– Бывало, когда жив был, хорошо все это так было, тихо, весело… В будни дома сидишь, шьешь на девочку, на мужа. В праздники пирог спечешь, коньяку купишь; он увидит, – обрадуется. "Вот, скажет, Шурочка, молодец! Дай, я тебя поцелую!" Коньяк он, можно сказать, обожал… Вечером вместе в Зоологический, бывало, поедем… Хорошо, Танечка, замужем жить. О деньгах не думаешь, никого не боишься, один тебе хозяин – муж. Никому в обиду тебя не даст… Вот бы тебе поскорей выйти!
– Я скоро выйду.
– Да ну? – Александра Михайловна заглянула в улыбавшееся лицо Тани. – Петра Иваныча видаешь?
– Как же! С тех пор как, помните, вы у меня были, три раза приходил. Дура я такая, бог знает, что тогда подумала. А у него вправду тетка хворала, больше ничего. Недавно даже померла, хоронил в воскресенье… Сядем здесь!

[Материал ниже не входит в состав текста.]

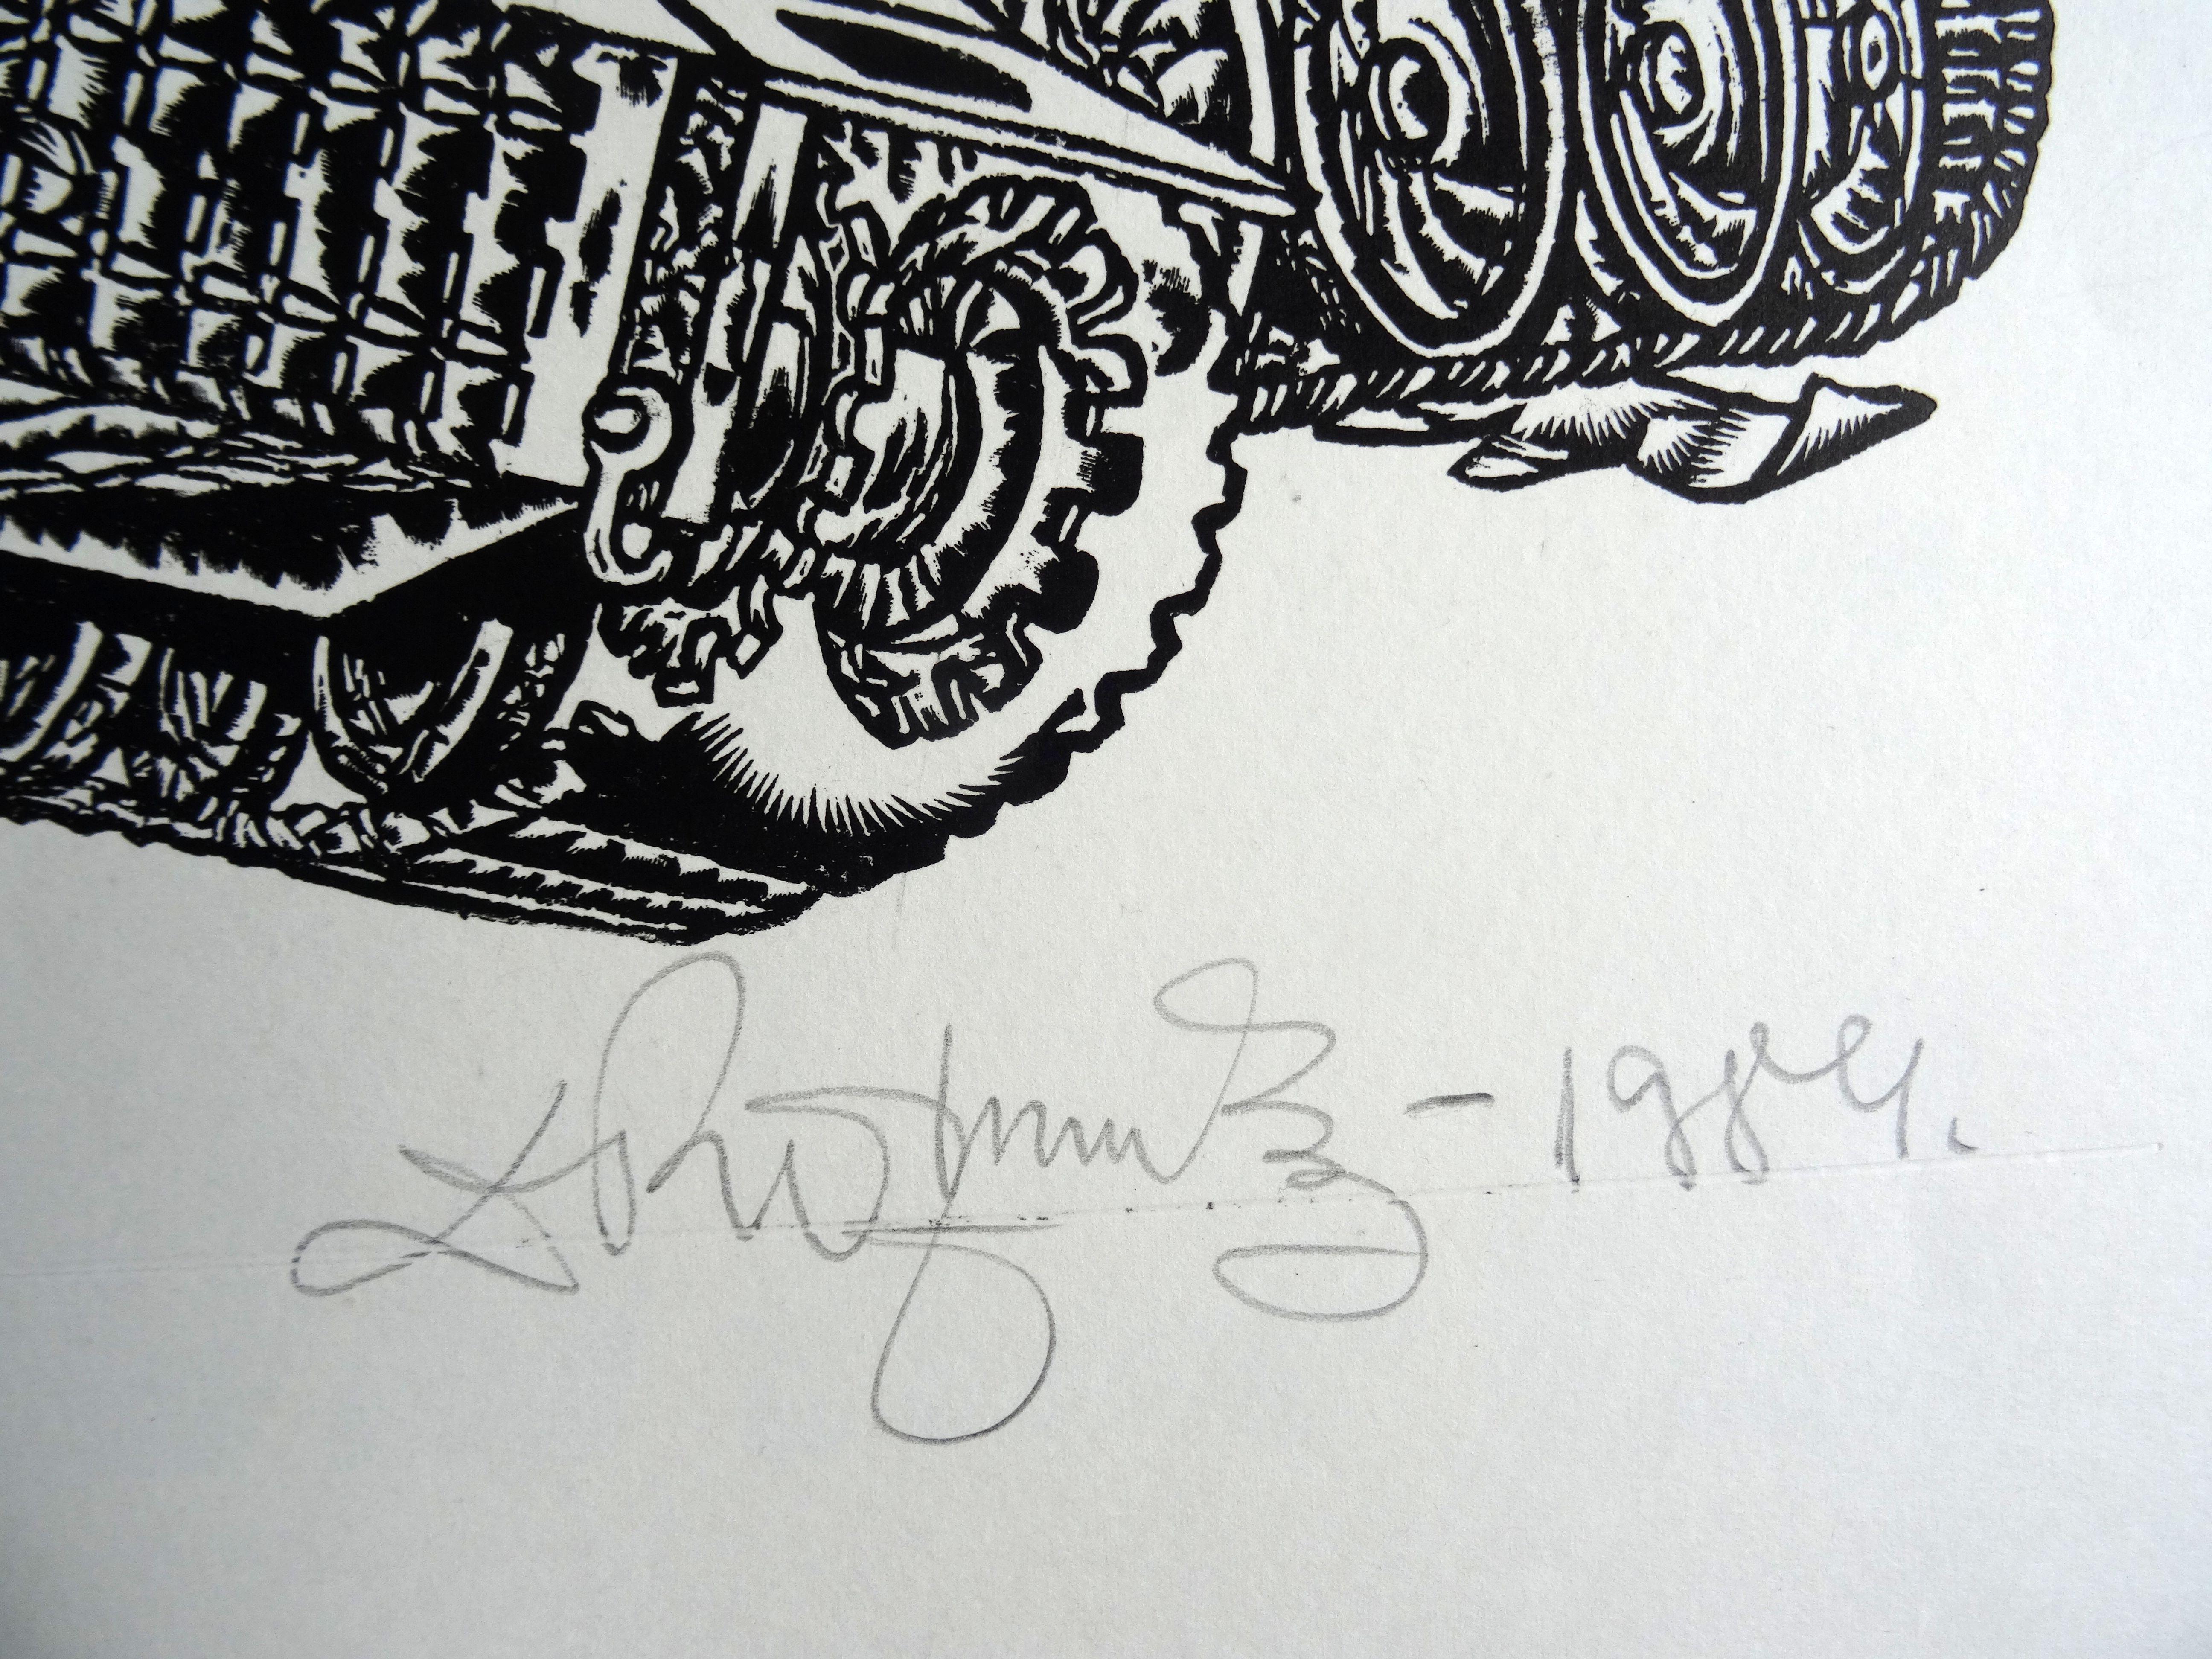 Fracture. 1984, Linolschnitt, Druckgröße 47x58 cm; insgesamt 60x68 cm (Geometrische Abstraktion), Print, von Dainis Rozkalns

Они сели на скамейку бульвара около Шестой линии. Окна магазинов были темны, только в мелочных лавочках светились огни. По бульвару двигалась праздничная толпа. Заморосил мелкий дождь. Туманная паутина наседала на город и становилась все гуще. Электрический фонарь на перекрестке, сияя ярким огнем, шипел и жужжал, как будто громадная голубая муха запуталась в туманной паутине и билась, не в силах вырваться.
– Август месяц теперь, – сказала Таня. – В октябре или ноябре венчаться будем, он сам сказал. Отбудет службу, и сейчас же в артельщики, ему уж обещали. И сто рублей к тому времени будут готовы.
– Ну, дай тебе бог!
Таня оживилась.
– А правда, Александра Михайловна, красивый он? Всякий, кто ни посмотрит, удивляется. Из всей команды его наперед ставят на смотрах. Все девушки на него заглядываются. А он говорит: "Никого мне не надо, только тебя, говорит, одну я люблю…" И, знаете, я вам уж всю правду скажу: я беременна от него. Третий месяц… Ребеночек будет у нас. Правда, смешно?
Она не стыдилась, гордая своей любовью. Она радостно улыбалась и рассказывала без конца. На пушистых золотых волосах осели мелкие капельки дождя, от круглого лица веяло счастьем. И казалось, сквозь холодный осенний туман светится теплая, счастливая весна. Александра Михайловна расспрашивала, давала советы, и на душе ее тоже становилось тепло и чисто.
Ярко-синий огонь в фонаре шумел и жужжал и бессильно бился, плотно охваченный мутным туманом.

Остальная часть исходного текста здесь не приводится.